— What the task asks —
In the listing below, lines with the string "shoulder" are to be counted; the number is the entire reply.

— Information provided —
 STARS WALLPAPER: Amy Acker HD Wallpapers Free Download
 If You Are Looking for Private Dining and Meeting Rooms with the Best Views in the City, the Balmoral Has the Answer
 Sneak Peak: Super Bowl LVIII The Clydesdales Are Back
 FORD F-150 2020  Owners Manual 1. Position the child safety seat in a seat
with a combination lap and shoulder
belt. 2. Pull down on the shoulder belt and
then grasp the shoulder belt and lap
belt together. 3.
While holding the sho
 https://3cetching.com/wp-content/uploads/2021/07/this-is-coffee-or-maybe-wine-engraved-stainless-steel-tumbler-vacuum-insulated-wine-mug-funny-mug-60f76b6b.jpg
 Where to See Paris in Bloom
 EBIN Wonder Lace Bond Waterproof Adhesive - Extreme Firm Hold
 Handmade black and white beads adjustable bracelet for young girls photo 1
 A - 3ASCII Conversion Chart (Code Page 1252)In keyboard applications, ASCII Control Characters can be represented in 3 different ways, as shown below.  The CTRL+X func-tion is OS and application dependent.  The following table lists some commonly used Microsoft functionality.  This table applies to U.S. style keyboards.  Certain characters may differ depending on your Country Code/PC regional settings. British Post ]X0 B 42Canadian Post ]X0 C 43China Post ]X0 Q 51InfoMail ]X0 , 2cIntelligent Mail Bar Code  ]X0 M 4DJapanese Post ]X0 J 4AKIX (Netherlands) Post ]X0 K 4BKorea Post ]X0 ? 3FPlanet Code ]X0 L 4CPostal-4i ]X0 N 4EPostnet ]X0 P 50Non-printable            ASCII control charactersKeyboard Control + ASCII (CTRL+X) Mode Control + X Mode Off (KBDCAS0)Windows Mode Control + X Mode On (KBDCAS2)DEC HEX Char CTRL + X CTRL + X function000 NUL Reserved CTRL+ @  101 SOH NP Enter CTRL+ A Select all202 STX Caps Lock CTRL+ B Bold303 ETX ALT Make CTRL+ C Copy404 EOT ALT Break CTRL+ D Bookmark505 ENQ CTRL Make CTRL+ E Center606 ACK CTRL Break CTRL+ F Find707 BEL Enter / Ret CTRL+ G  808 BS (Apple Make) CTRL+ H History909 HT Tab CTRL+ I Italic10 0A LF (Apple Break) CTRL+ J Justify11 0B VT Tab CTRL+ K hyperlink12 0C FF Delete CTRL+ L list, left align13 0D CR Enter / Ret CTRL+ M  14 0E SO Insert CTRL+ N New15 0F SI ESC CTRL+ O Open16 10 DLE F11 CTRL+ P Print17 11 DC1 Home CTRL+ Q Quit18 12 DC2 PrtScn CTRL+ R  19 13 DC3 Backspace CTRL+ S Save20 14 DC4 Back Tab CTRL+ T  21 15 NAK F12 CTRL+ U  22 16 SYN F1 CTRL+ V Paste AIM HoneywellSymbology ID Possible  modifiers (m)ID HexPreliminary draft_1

— Completed exercise —
3